This document is intended to show how R can be used to upload, manipulate and visualize data as well as sharing it with an audience
In this example, we are using data from a business process management tool in order to analyze what share of applications are incomplete when they are sent from deparment A to department B. If the application is sent back by department B to department A, this is considered as a rework and shows that there was some issue with the application. The input data is from an excel file and is as follows. Each row corresponds to the applications being with one department. Here is a glimpse of the raw data. In reality there are more columns but I just showed the essential ones.

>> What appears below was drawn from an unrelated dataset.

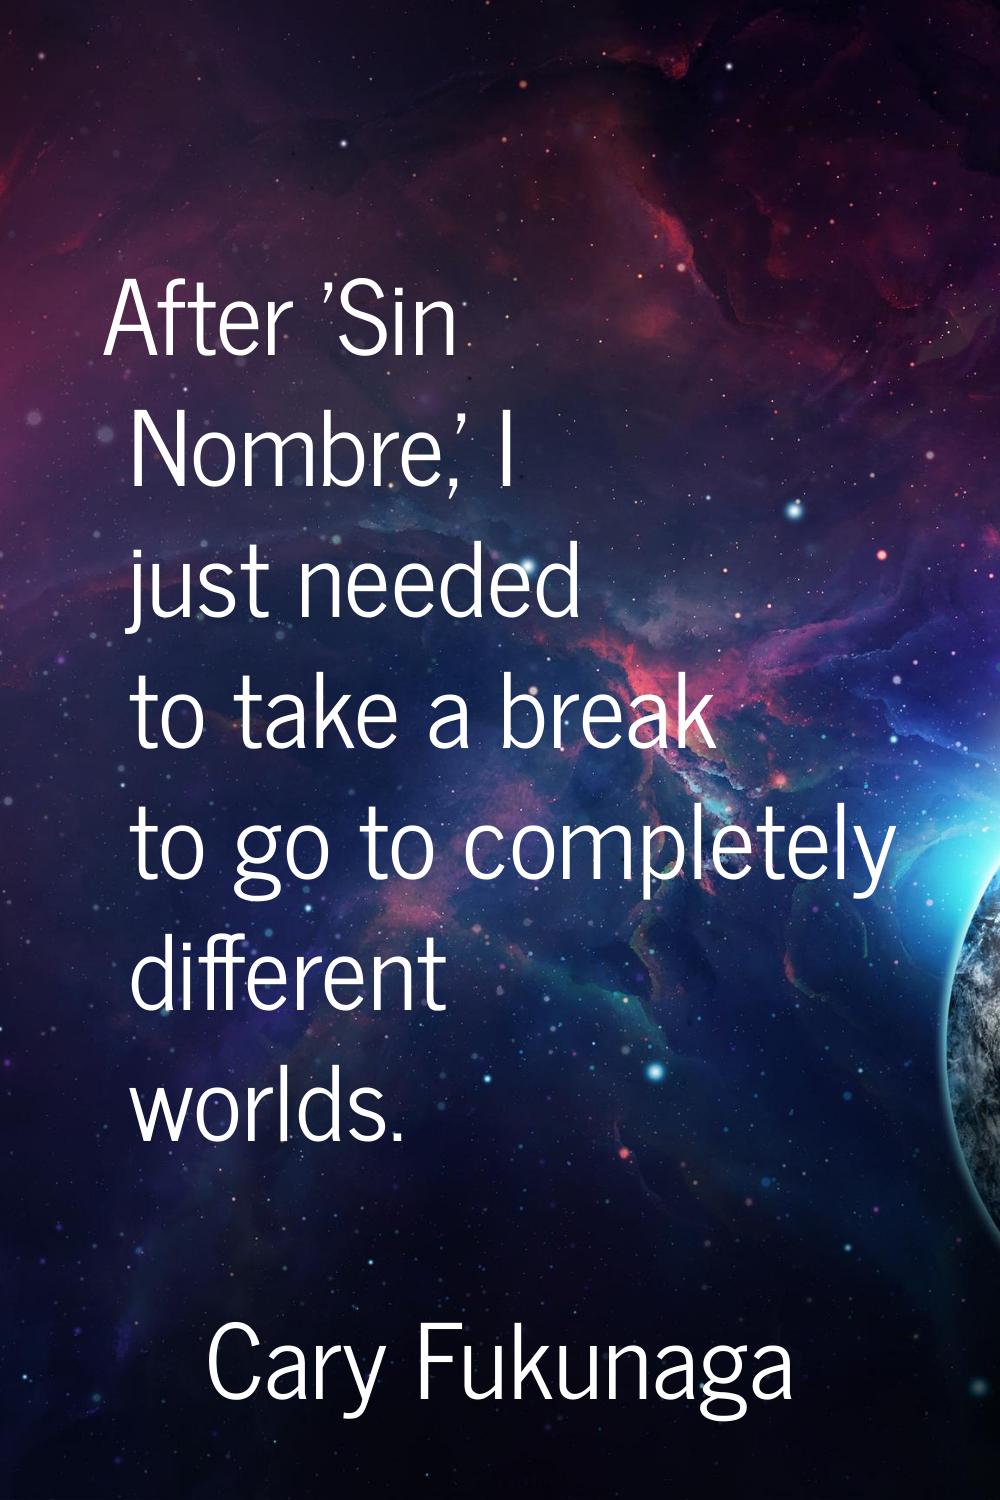 After 'Sin Nombre,' I just needed to take a break to go to completely different worlds.

| ApplicationID | StepStart | StepDuration | User |
|---|---|---|---|
| 2016/600402 | 2016-08-30 11:05:21 | 3.25315e+03 | c620 |
| 2016/600402 | 2018-04-16 16:14:32 | 9.50000e-01 | b083 |
| 2016/600402 | 2018-04-17 09:12:06 | 2.15000e+00 | c620 |
| 2016/600402 | 2018-04-17 11:22:06 | 4.50000e-01 | b083 |
| 2016/600402 | 2018-04-17 11:50:12 | 1.13333e+00 | la78 |
| 2016/600402 | 2018-04-17 12:59:02 | 1.66667e-02 | b083 |
| 2017/003252 | 2017-08-03 16:48:31 | 5.00000e-02 | am06 |
| 2017/003252 | 2017-08-03 16:51:27 | 2.36667e+00 | lp05 |
| 2017/003252 | 2017-08-04 11:13:29 | 2.76667e+00 | Syst |
| 2017/003252 | 2017-08-04 11:13:42 | 2.66667e-01 | ca01 |
In order to get to the desired output, we need to transform this data in order to see for each individual application whether it has reworks or not. When we run the code, we get the following table with just one row per application:
| APPLICATION NO | N_RW | R_Time |
|---|---|---|
| 2017/301356 | 1 | 67.716633 |
| 2017/301513 | 1 | 16.683340 |
| 2017/301594 | 2 | 10.750000 |
| 2017/301840 | 2 | 56.116670 |
| 2017/301880 | 0 | 0.000000 |
| 2017/301954 | 2 | 990.466363 |
| 2017/302047 | 2 | 5.949997 |
| 2017/302048 | 2 | 5.933329 |
| 2017/302071 | 3 | 25.600000 |
| 2017/302113 | 2 | 19.400033 |
Then, we need to aggregate this data in order to see week over week what the rework rate is:
| TaskPeriod | Pilot_Running | StepTime | Ncases | CasesWRW | RWRate | AvgNReworks |
|---|---|---|---|---|---|---|
| 2018 51 | Yes | 9.271508 | 31 | 15 | 0.4838710 | 0.5483871 |
| 2018 52 | Yes | 17.670005 | 15 | 6 | 0.4000000 | 0.8666667 |
| 2019 01 | Yes | 26.811896 | 7 | 3 | 0.4285714 | 0.5714286 |
| 2019 02 | Yes | 17.402176 | 23 | 13 | 0.5652174 | 0.8260870 |
| 2019 03 | Yes | 20.946078 | 17 | 9 | 0.5294118 | 0.8235294 |
| 2019 04 | Yes | 7.623114 | 31 | 10 | 0.3225806 | 0.4193548 |
| 2019 05 | Yes | 20.275558 | 15 | 6 | 0.4000000 | 0.5333333 |
| 2019 06 | Yes | 29.423796 | 28 | 16 | 0.5714286 | 0.9642857 |
| 2019 07 | Yes | 34.658628 | 29 | 15 | 0.5172414 | 0.7241379 |
| 2019 08 | Yes | 20.796433 | 28 | 13 | 0.4642857 | 0.7500000 |
Which can then be used to plot the data to visualise the evolution
We can see that for the weeks where the pilot is running, the rework rate is a little bit better than before.